§ PROBLEM DETAILS
A faithful copy of all the data is required; pictures should not be included.

§ DATA EXTRACT
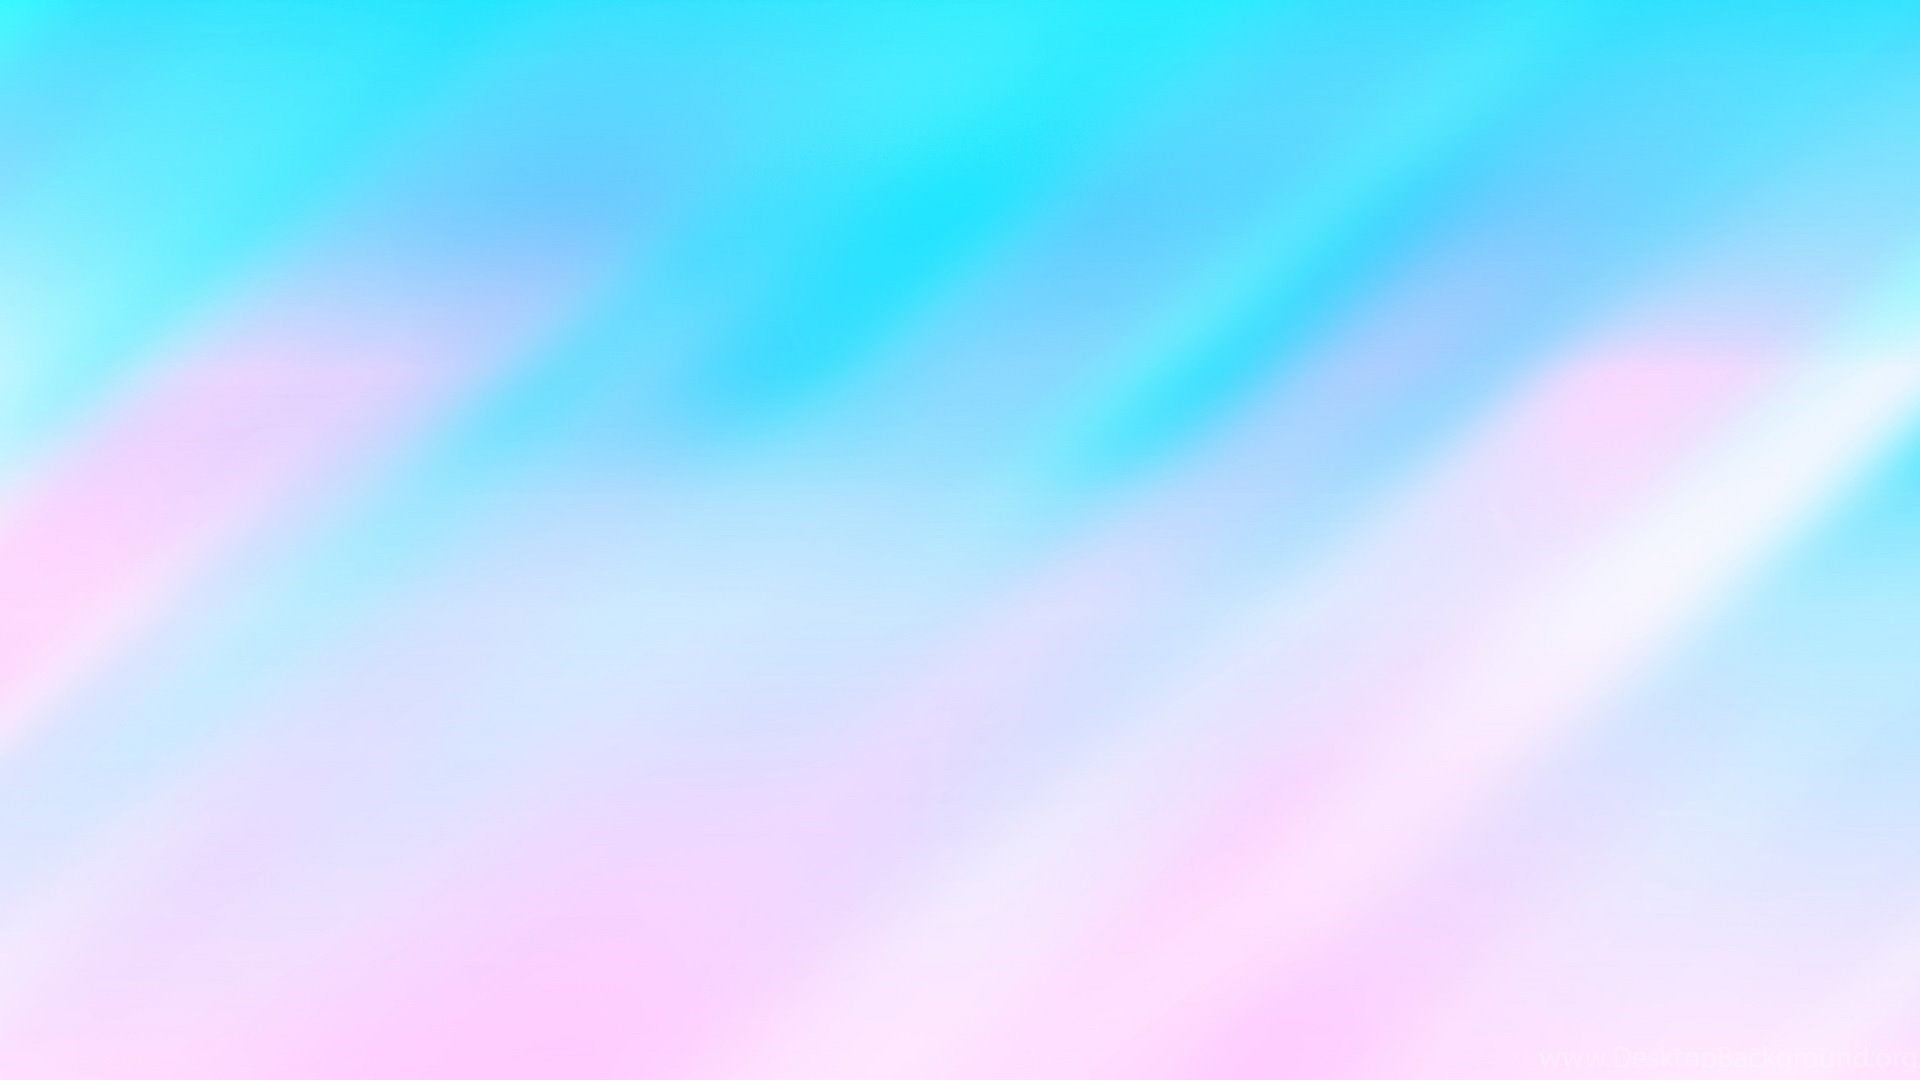 244 Pastel Hd Wallpapers Data Src Pastel Wallpaper - Pink And Blue  Backgrounds - 1920x1080 Wallpaper 
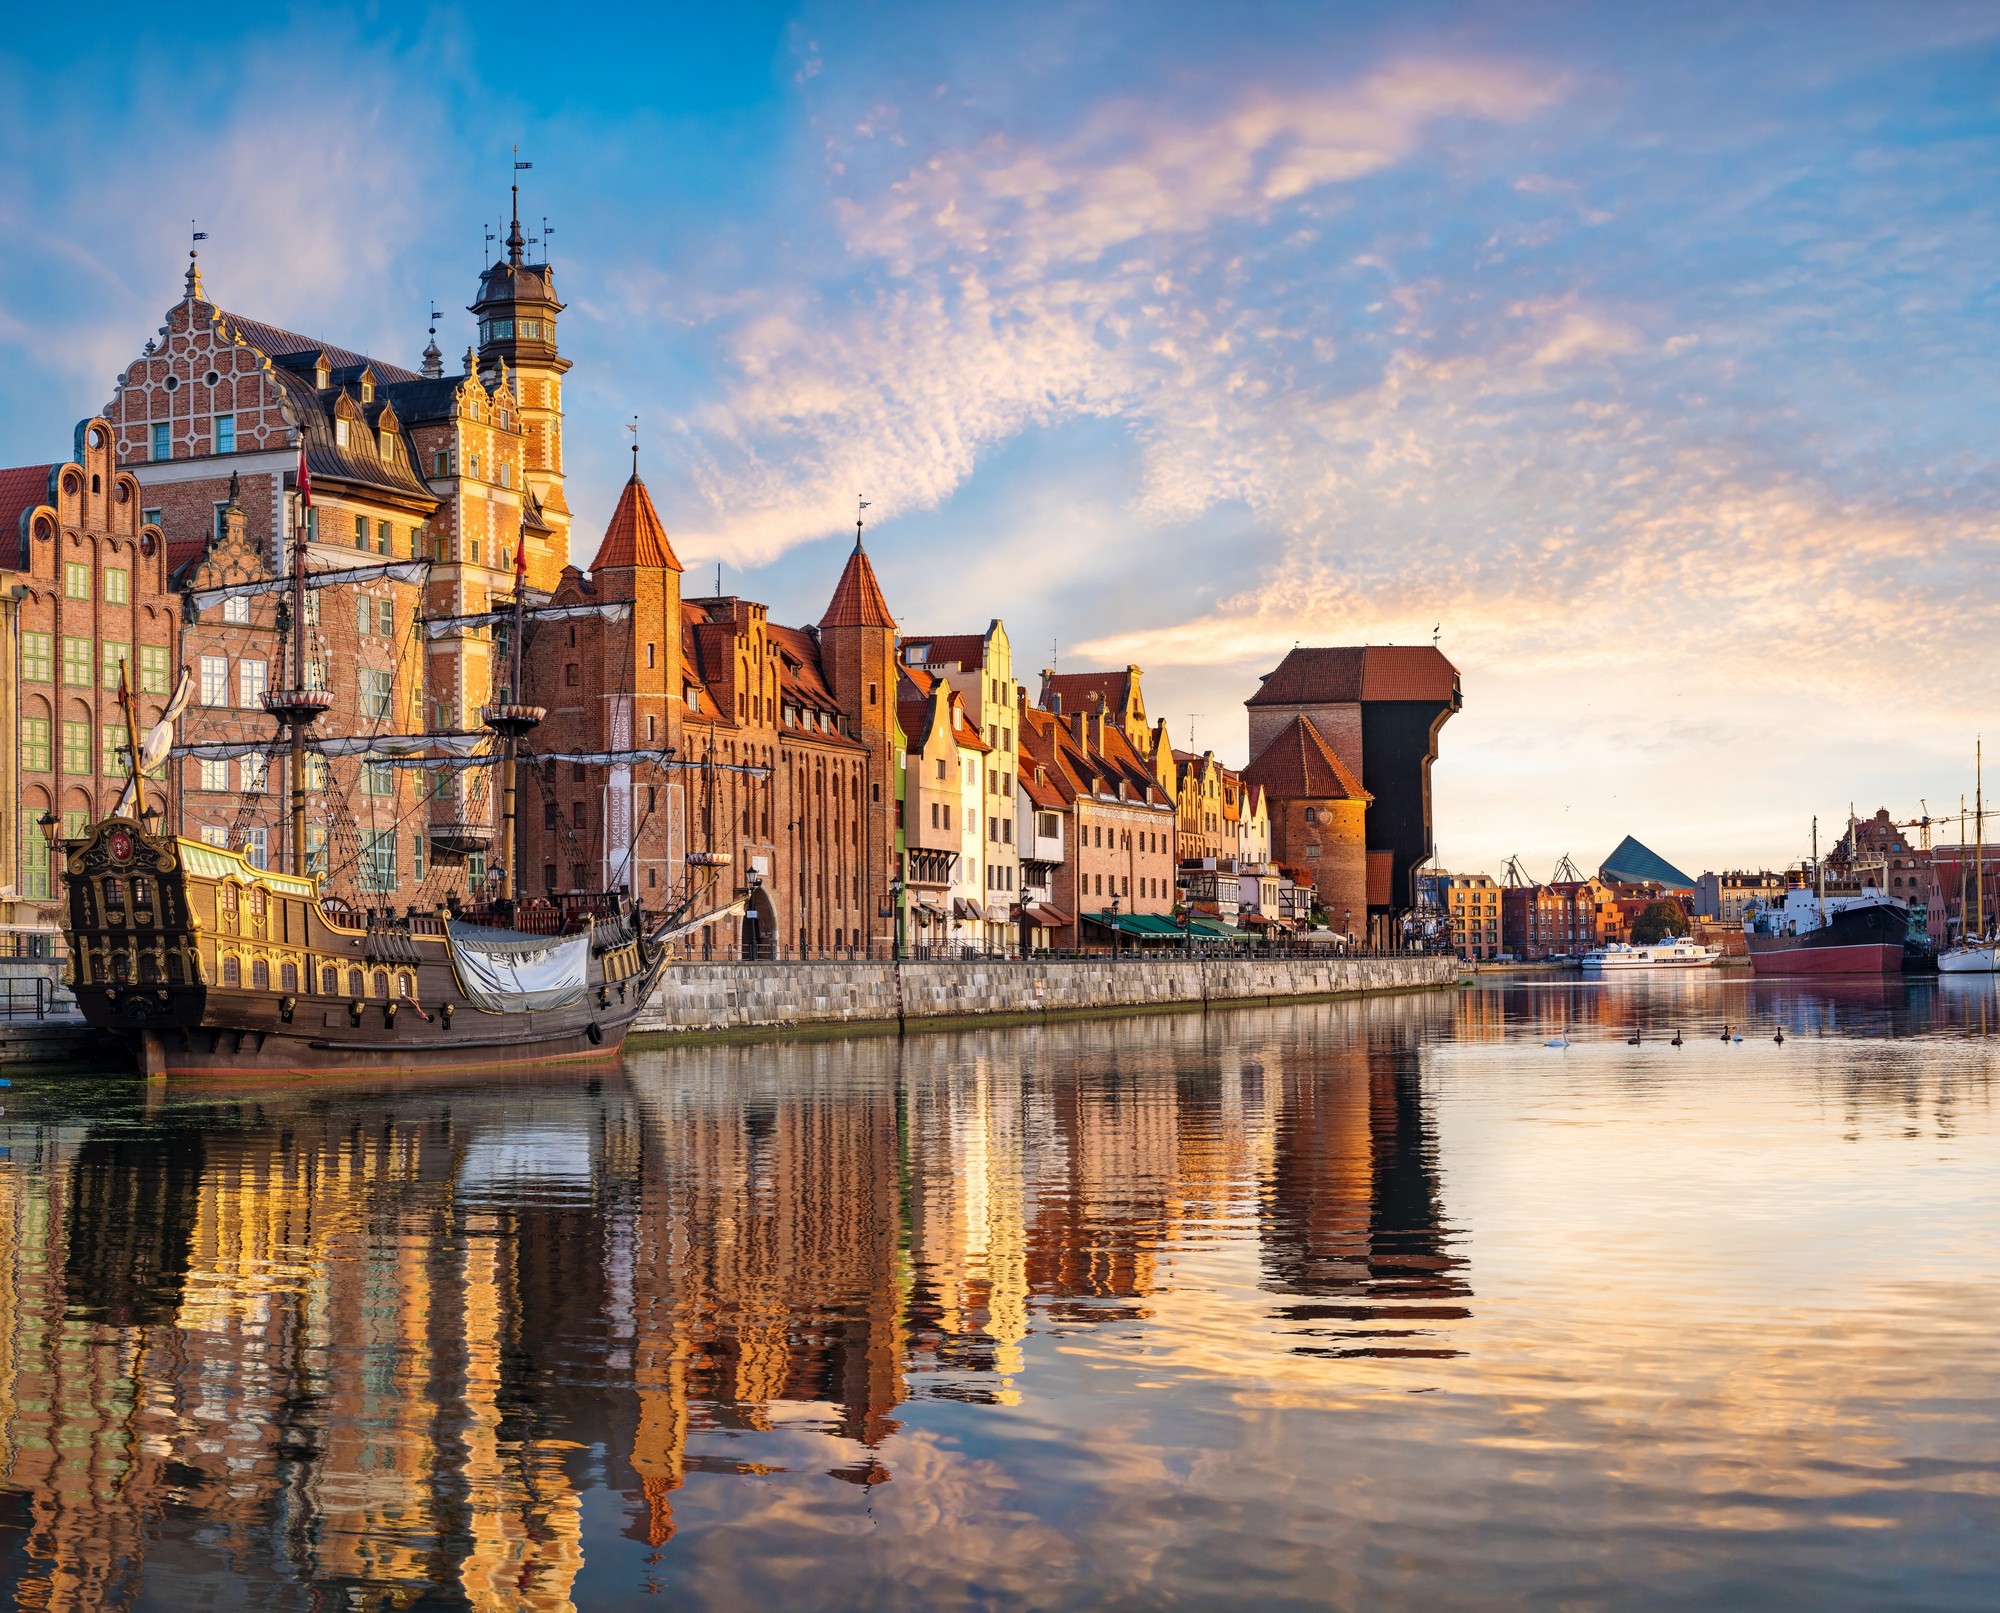 Gdansk guide by In Your Pocket. The best free city guide to Gdańsk
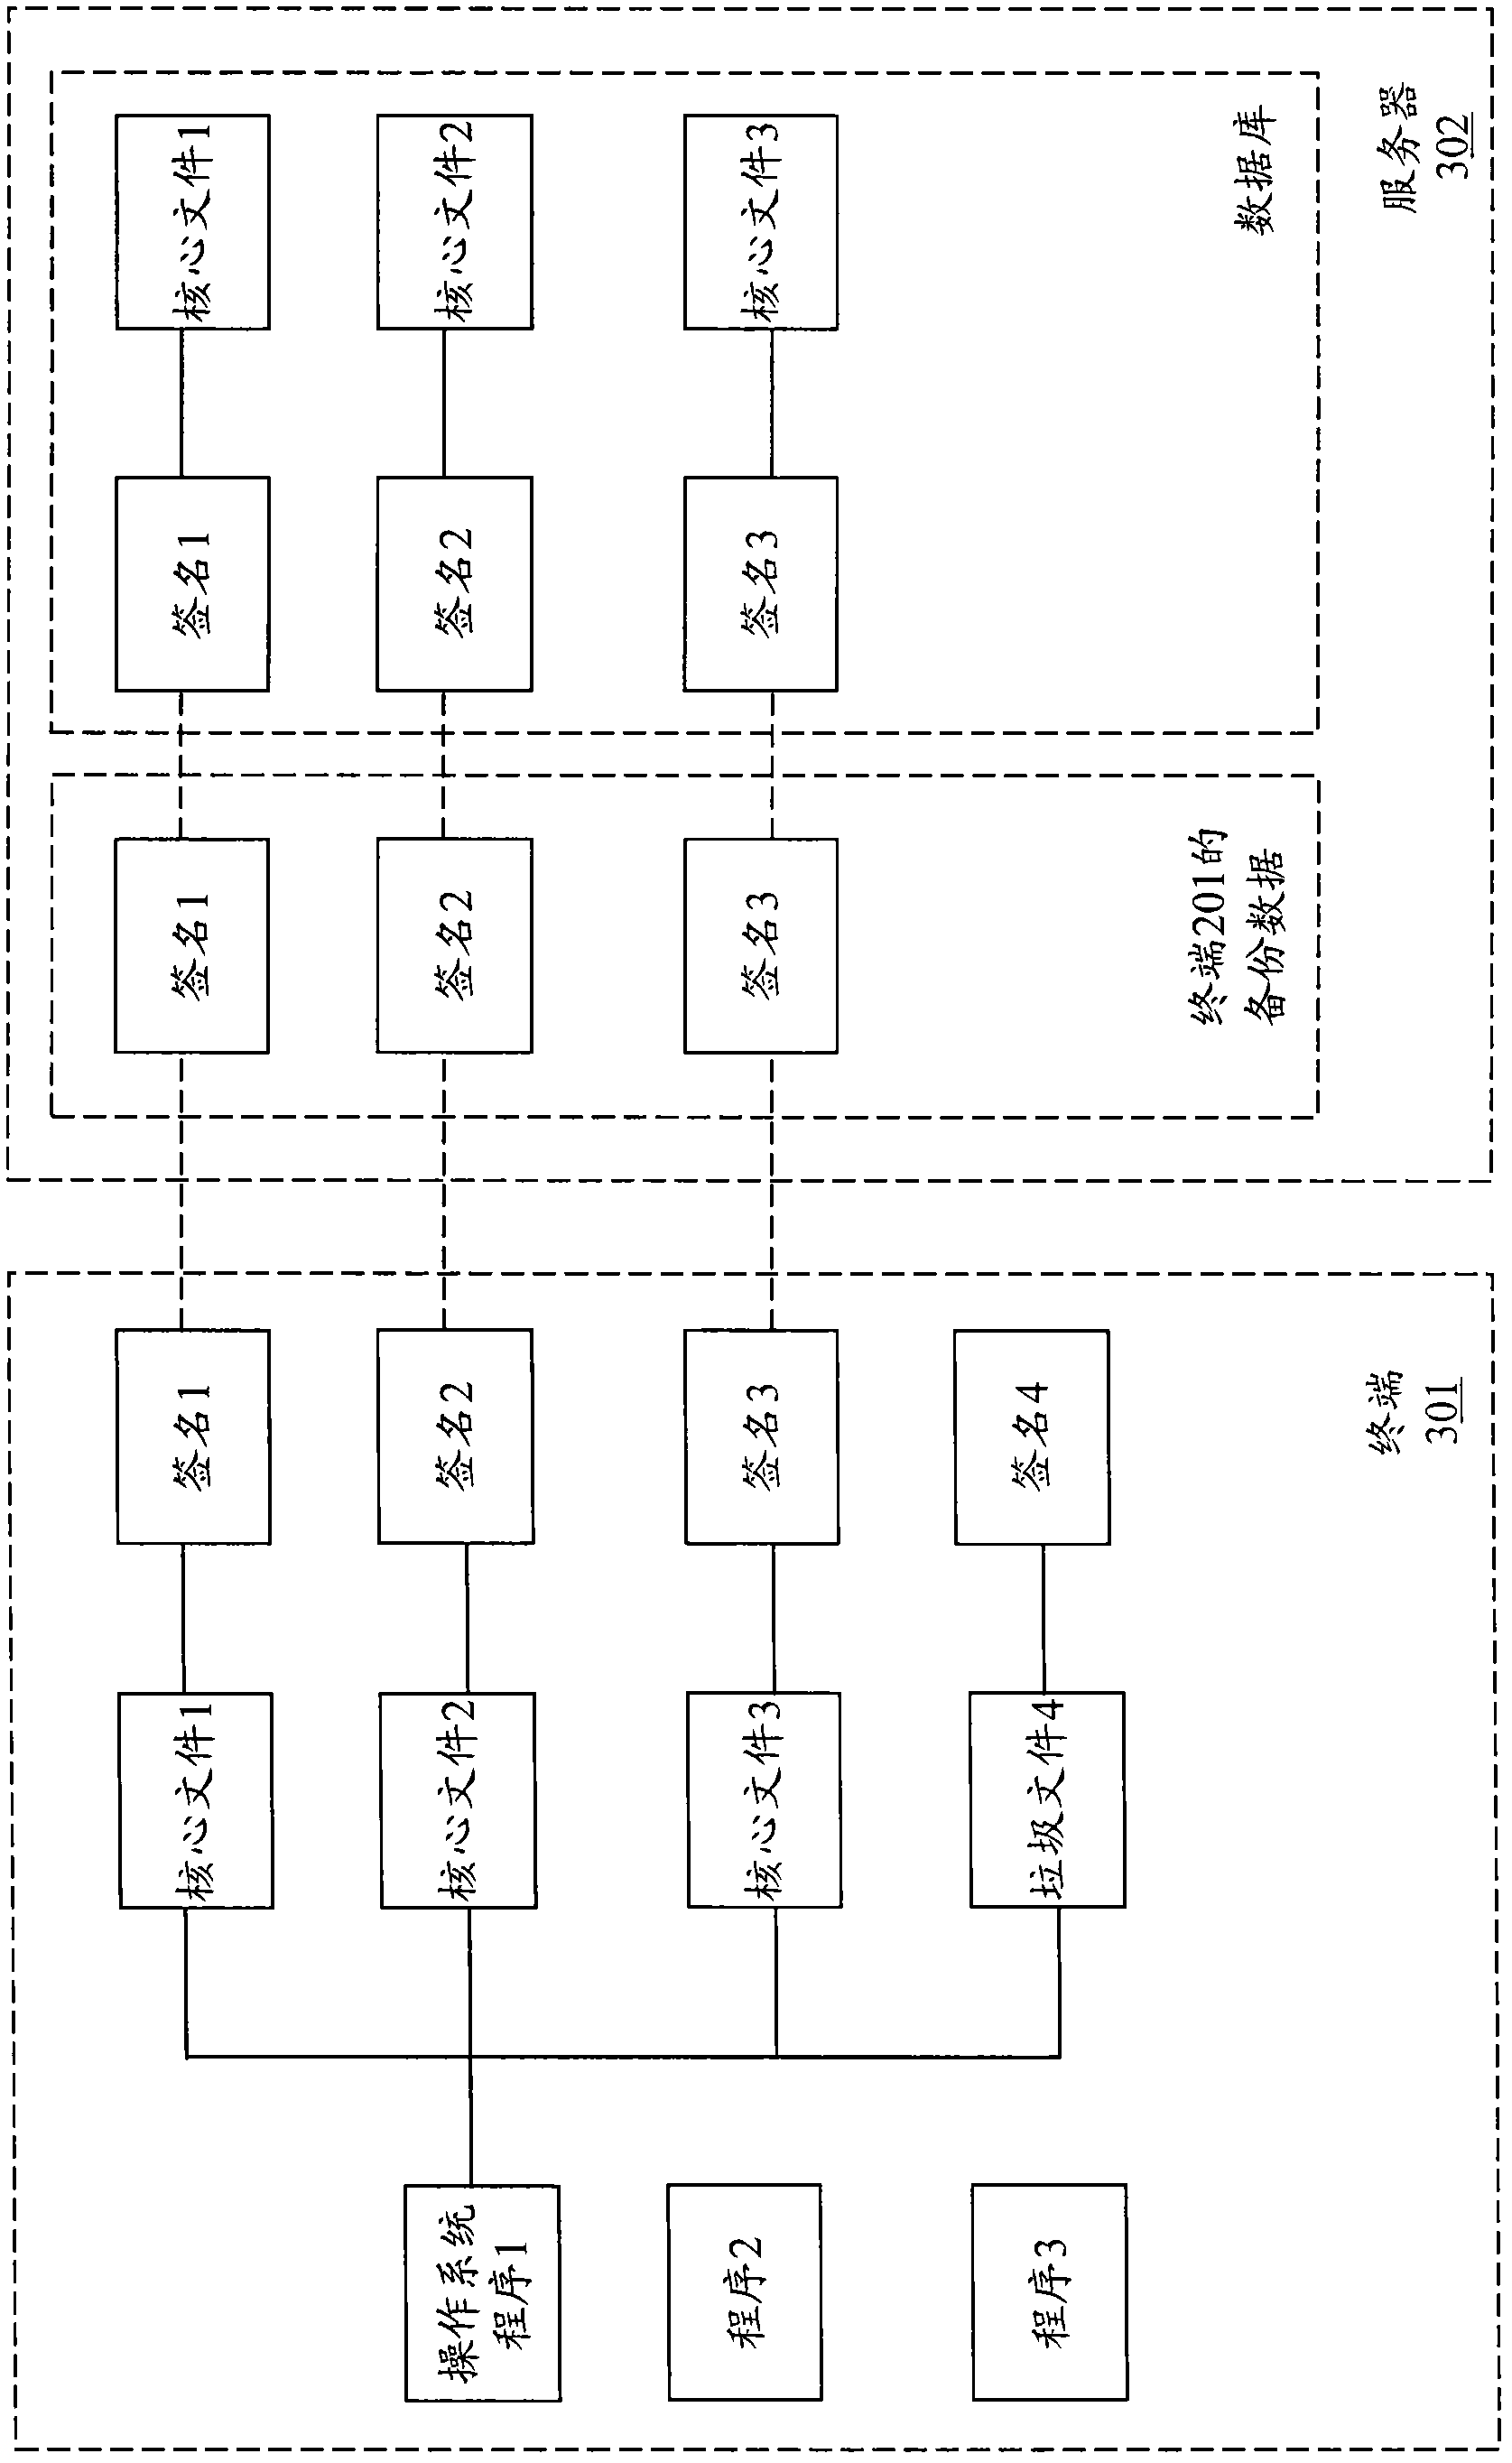 Terminal backup object sharing and recovery method based on cloud architecture

§ RESULT OF THE EXERCISE
 244 Pastel Hd Wallpapers Data Src Pastel Wallpaper - Pink And Blue  Backgrounds - 1920x1080 Wallpaper 
 Gdansk guide by In Your Pocket. The best free city guide to Gdańsk
 Terminal backup object sharing and recovery method based on cloud architecture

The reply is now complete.